San Jose Mercury
From the article:
Rising prices pushed thousands of Bay Area homes back above water last year, according to a report released Wednesday, another sign that the region's housing crisis is easing as the economy recovers.
The report, by the housing website Zillow, shows drops across the region in the number of homes that are underwater -- worth less than the value of their mortgages.
More than 56,826 homes bobbed back above water across seven counties of the Bay Area in 2012, Zillow reported. That still leaves 205,986 homes with a total negative equity of $31.5 billion. And that negative equity is keeping thousands of homes off the market, forcing buyers to compete for whatever comes up for sale.
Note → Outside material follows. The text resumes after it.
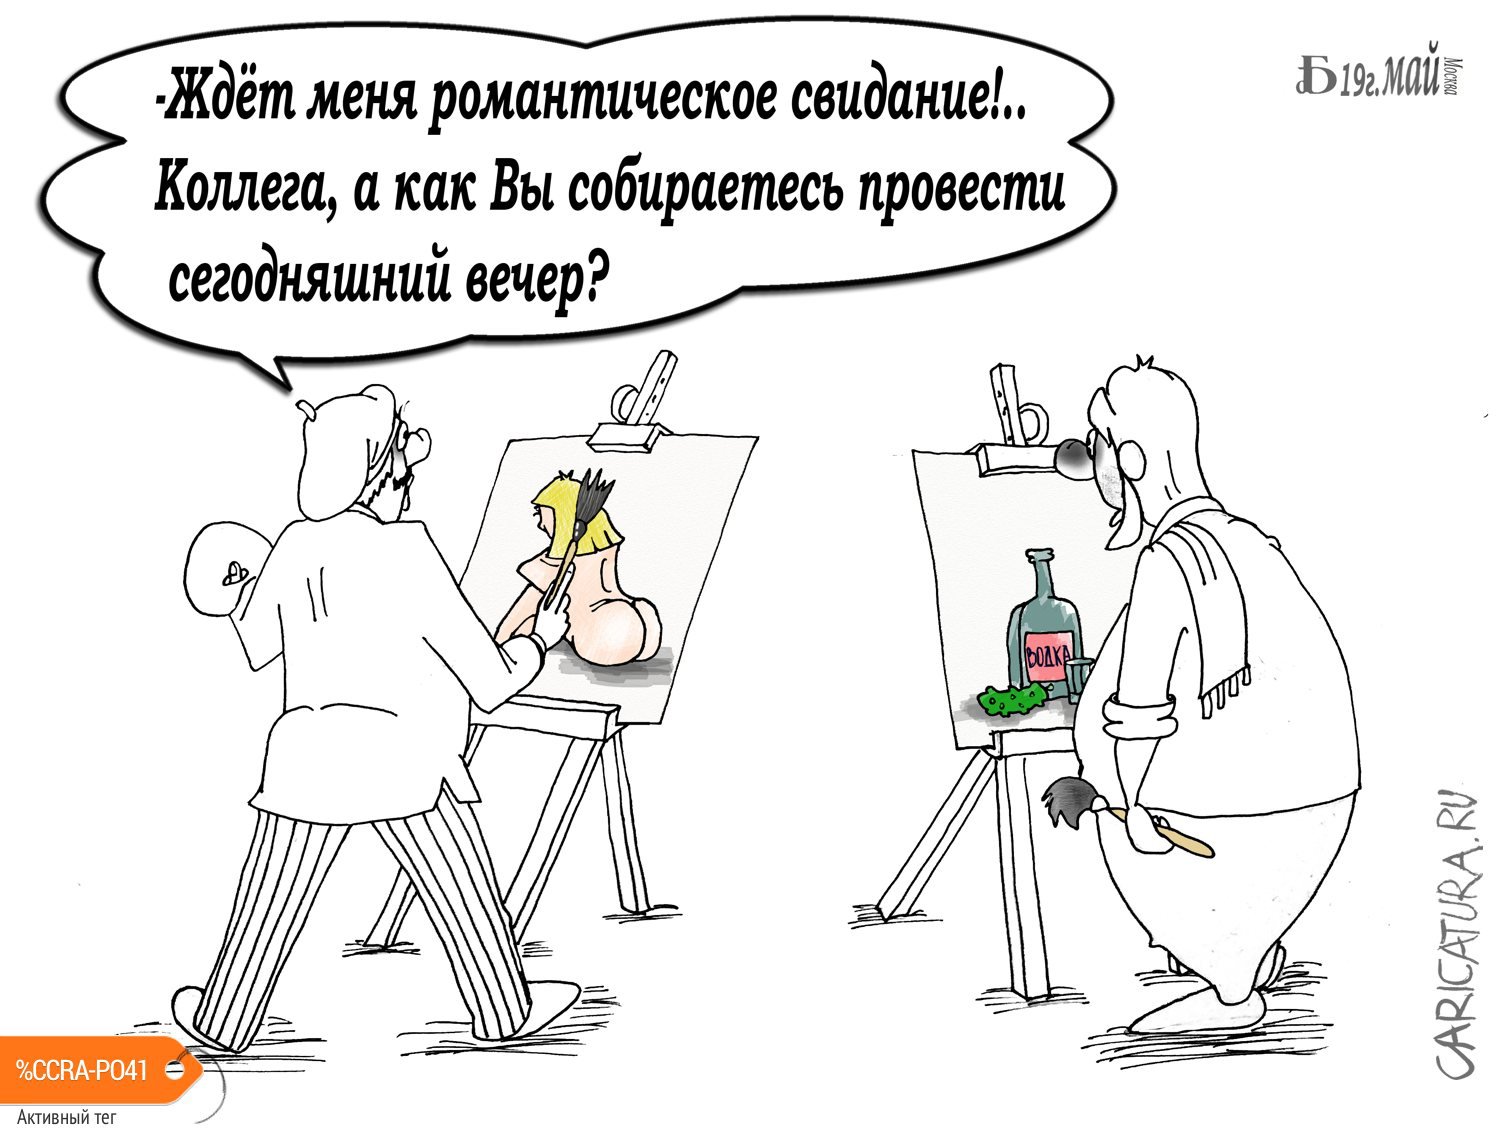 Карикатура "Про весеннее игривое настроение...", Борис Демин

A dozen wealthy Silicon Valley and Peninsula communities from Belmont to Los Gatos have already returned to pre-crash home prices, the company said. Zillow is forecasting continued growth in prices this year, followed by a leveling off in 2014. The company uses a proprietary formula to calculate home values.
In the last three months of 2012, a little more than one-third of Contra Costa County's homes that had mortgages were underwater, Zillow reported. That was down from 41.3 percent a year earlier. The figure for Alameda County was 25.4 percent, down from 31 percent a year earlier, while Santa Clara dropped to 15 percent from 22 percent in the fourth quarter of 2011.